Work request: Skipping all images, output the listing word for word.

Information supplied:
§

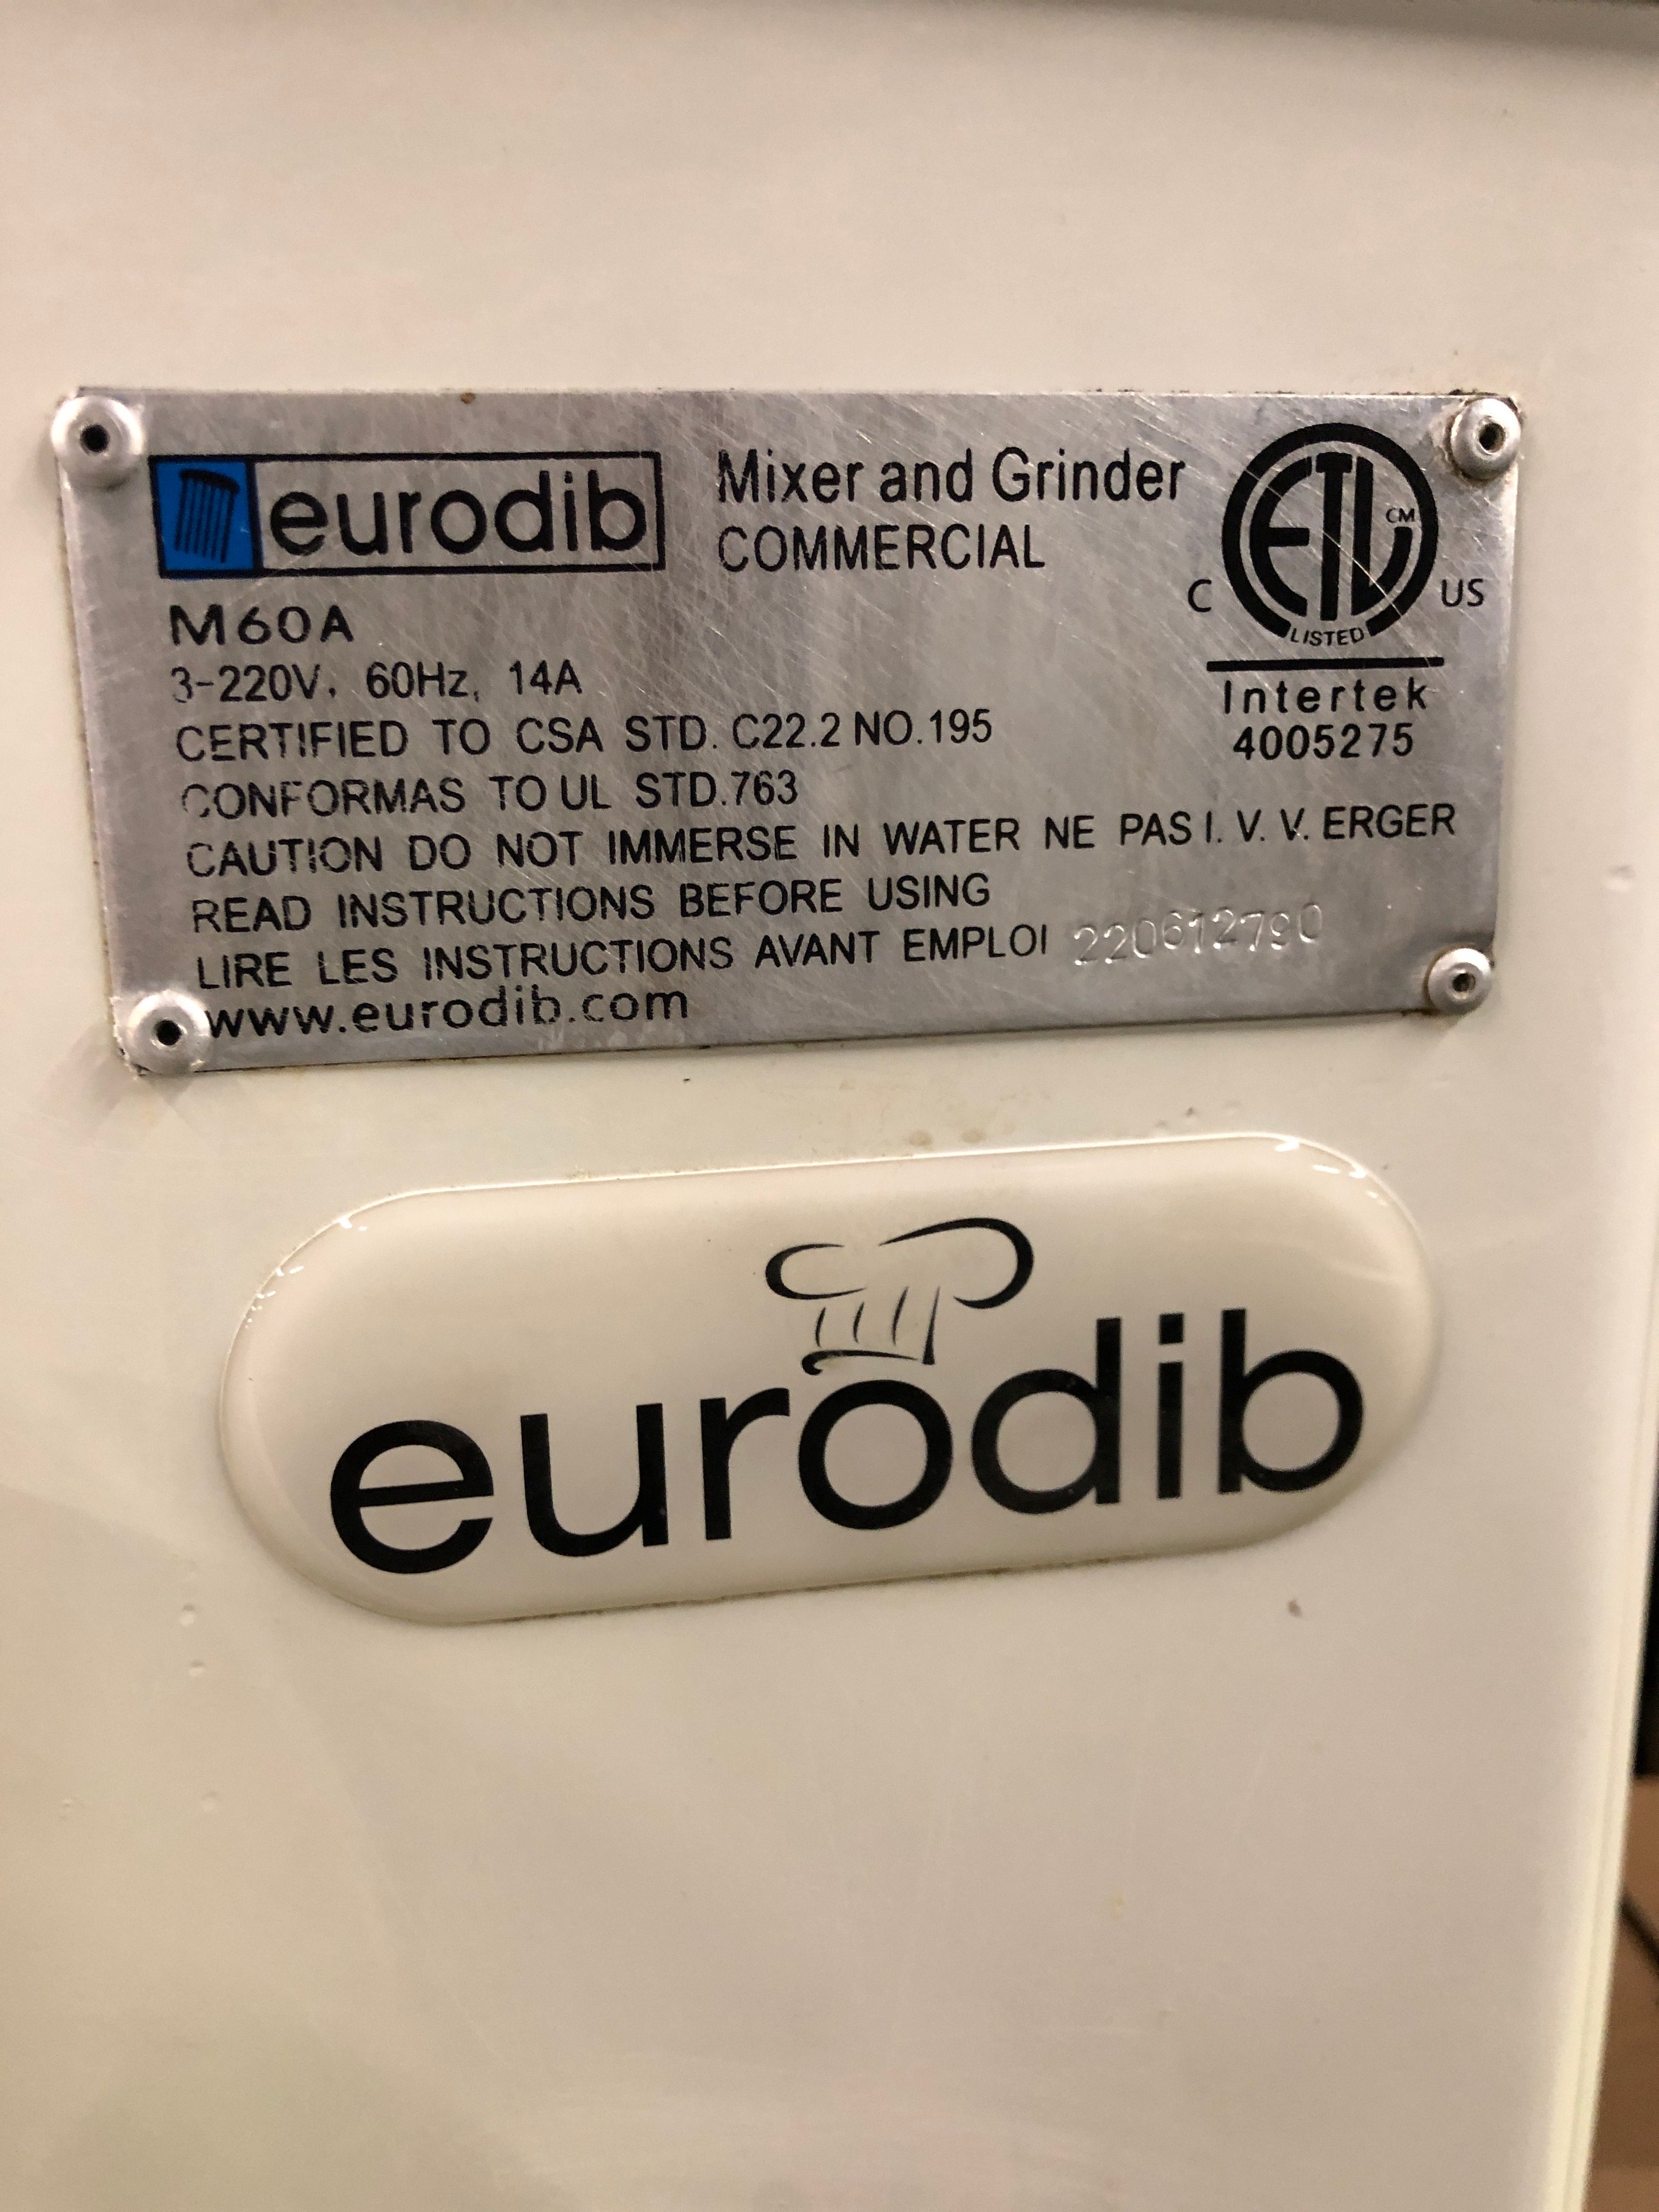 Thumbnail - Eurodib M60A Dough Mixer
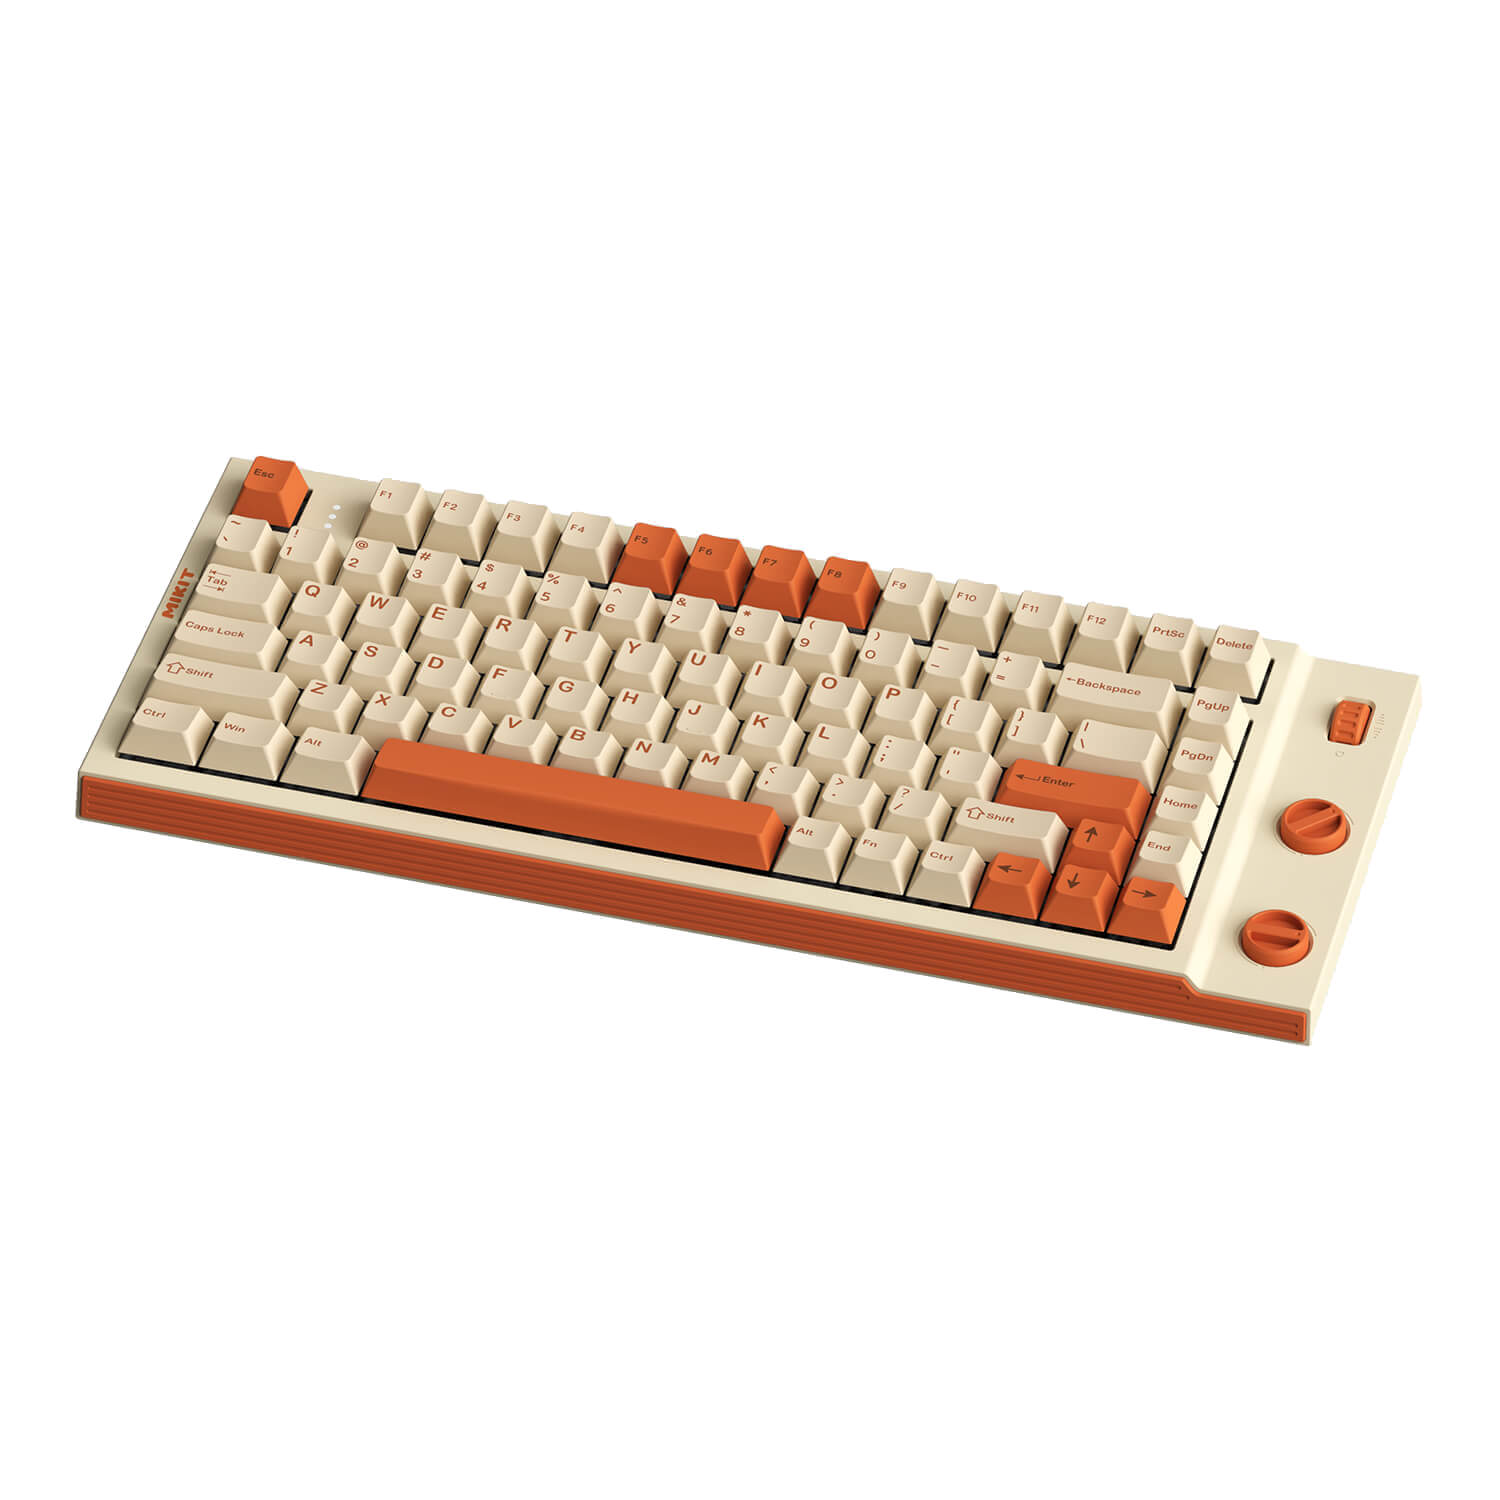 Compact keyboard space-saving keyboard TKL Gaming keyboard
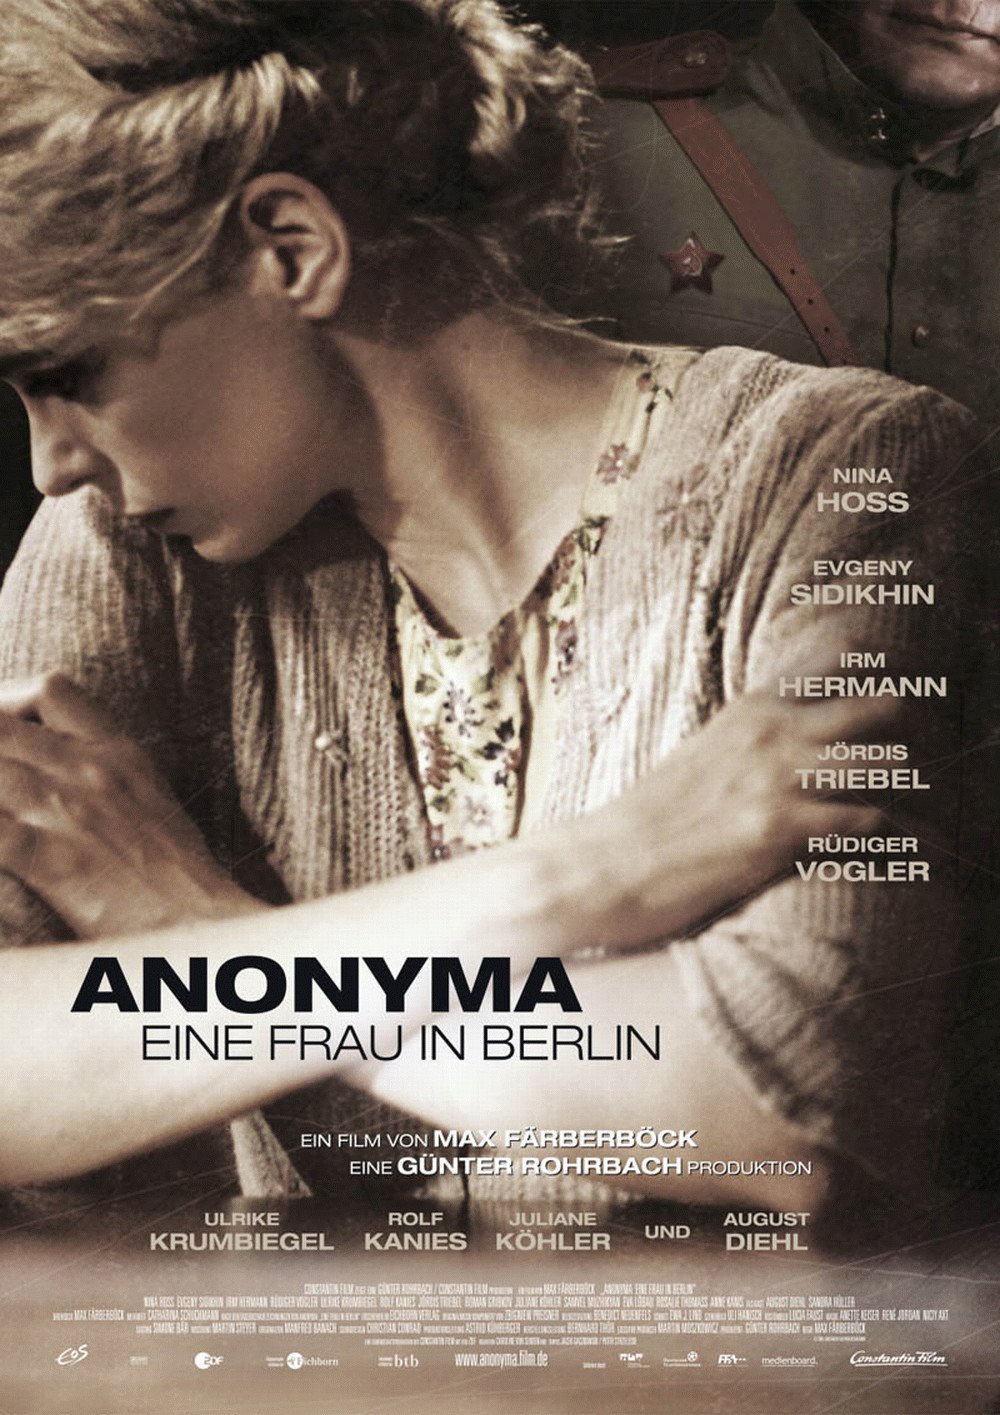 Plakat von "Anonyma - Eine Frau in Berlin"

§

Answer for the task:
 Thumbnail - Eurodib M60A Dough Mixer
 Compact keyboard space-saving keyboard TKL Gaming keyboard
 Plakat von "Anonyma - Eine Frau in Berlin"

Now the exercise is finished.